Science begins with skepticism, however, in the hierarchical leadership structures of Educational Institutions skeptical teachers are not valued, although ironically, the skeptical skills of questioning and analysis are valued in students.  This paves the way for the many 'snake oil' remedies and the rise of policy entrepreneurs who 'shape and benefit from school reform discourses'.

Professor John O'Neill in analysing Hattie's influence on New Zealand Education Policy describes the process well:
'public policy discourse becomes problematic when the terms used are ambiguous, unclear or vague' (p1). 
[The] 'discourse seeks to portray the public sector as ‘ineffective, unresponsive, sloppy, risk-averse and innovation-resistant’ yet at the same time it promotes celebration of public sector 'heroes' of reform and new kinds of public sector 'excellence.
Relatedly, Mintrom (2000) has written persuasively in the American context, of the way in which ‘policy entrepreneurs’ position themselves politically to champion, shape and benefit from school reform discourses' (p2).
Hattie's recent public presentation in the TV documentary Revolution School confirms Professor O'Neill's analysis. Dan Haesler reports Hattie's remedy cost the school around $60,000.

Professor Ewald Terhardt (2011, p434)
'A part of the criticism on Hattie condemns his close links to the New Zealand Government and is suspicious of his own economic interests in the spread of his assessment and training programme (asTTle).'

We need to move from evidence to QUALITY of evidence:

There must now be at least some hesitation in accepting Hattie's work as the definitive statement on Teaching.

Beng Huat See, in her paper, Evaluating the evidence in evidence-based policy and practice: Examples from systematic reviews of literature, suggests the direction where educational research must now go,
'This paper evaluates the quality of evidence behind some well-known education programmes... It shows that much of the evidence is weak, and fundamental flaws in research are not uncommon.
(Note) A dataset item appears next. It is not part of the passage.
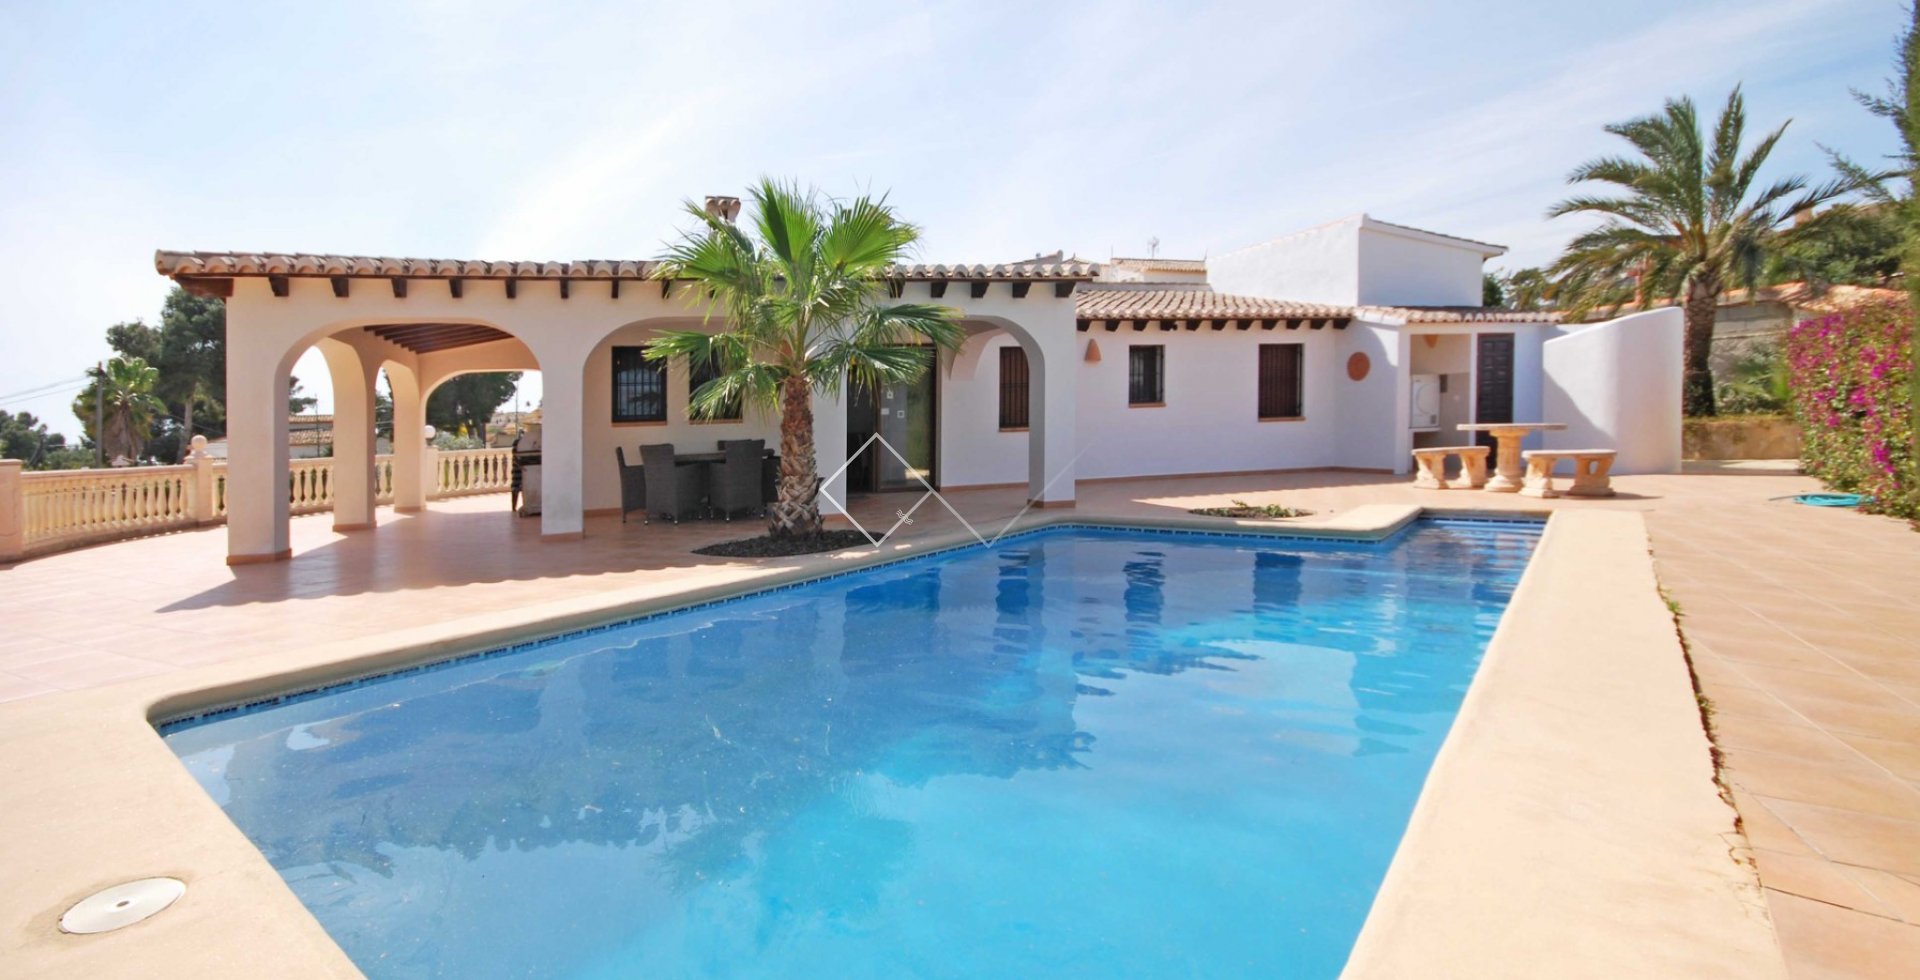 villa piscina palmera - Se vende una villa bonita de un nivel en Moraira

This is a serious problem if teaching practices and important policy decisions are made based on such flawed evidence.

Lives may be damaged and opportunities missed.

...funders of research and research bodies need to insist on quality research and fund only those that meet the minimum quality criteria.'
The debate must now shift from Evidence to Quality of Evidence.
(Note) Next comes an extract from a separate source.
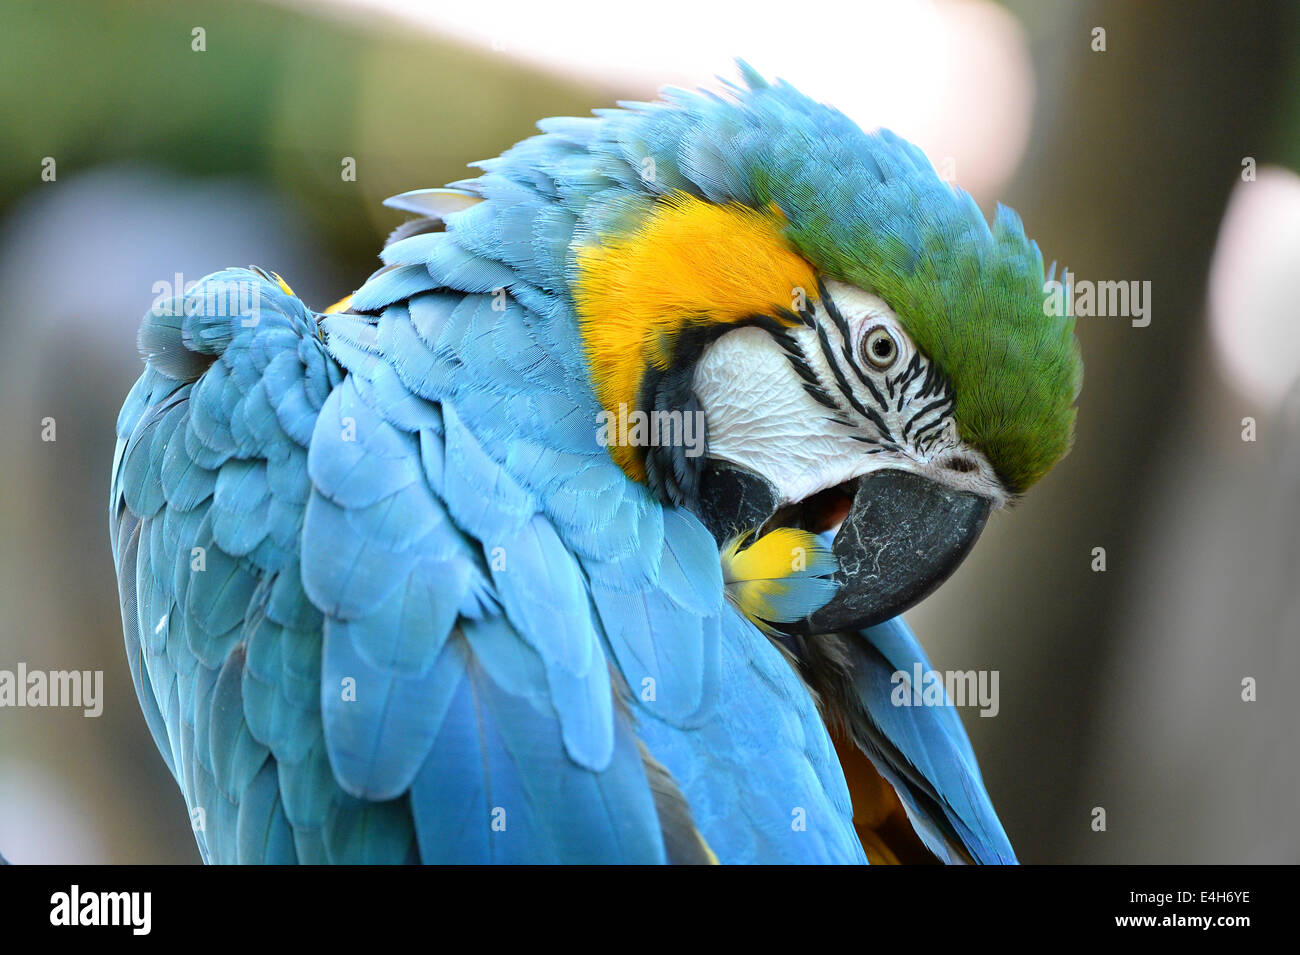 Retrato de guacamayo azul y amarillo plumas peinado Foto de stock

The US Dept of Education has done this and has developed clearly defined quality criteria in their What Works Clearing House.

Most of the meta-analyses that Hattie used would NOT satisfy these quality criteria, see here.

News Flash:

Medical researchers decide to use Hattie's methods for ranking influences on people's Health. Current results are:

Self-report health (expectation)1.44
Doctor/patient relationship0.72
Home environment0.57
Socio/economic status0.57
Number of beds in ward0.30
Home visitation0.29
Doctor/patient ratio0.21
Doctor training0.11
Govt versus Private Hospital0.03
Intensive Care-1.99

A Teacher's Lament:

Gabbie Stroud resigned from her teaching position and wrote:
'Teaching – good teaching - is both a science and an art. Yet in Australia today [it]… is considered something purely technical and methodical that can be rationalised and weighed.

But quality teaching isn't borne of tiered 'professional standards'. It cannot be reduced to a formula or discrete parts. It cannot be compartmentalised into boxes and 'checked off'. Good teaching comes from professionals who are valued. It comes from teachers who know their students, who build relationships, who meet learners at their point of need and who recognise that there's nothing standard about the journey of learning. We cannot forget the art of teaching – without it, schools become factories, students become products and teachers: nothing more than machinery.'
Whilst it may be simpler and easier to see teaching as a set of discreet influences, the evidence shows that these influences interact in ways in which no-one, as yet, can quantify. It is the combining of influences in a complex way that defines the 'art' of teaching.  


  1. I suggest you read the book 'Make It Stick' which gives a number of research-based strategies for helping students remember what they have previously learned.

  2. thanks for the tip, i will try to find the book

  3. wow excellent analysis

  4. Thanks this is really informative, I'm amazed at all the mistakes Hattie makes.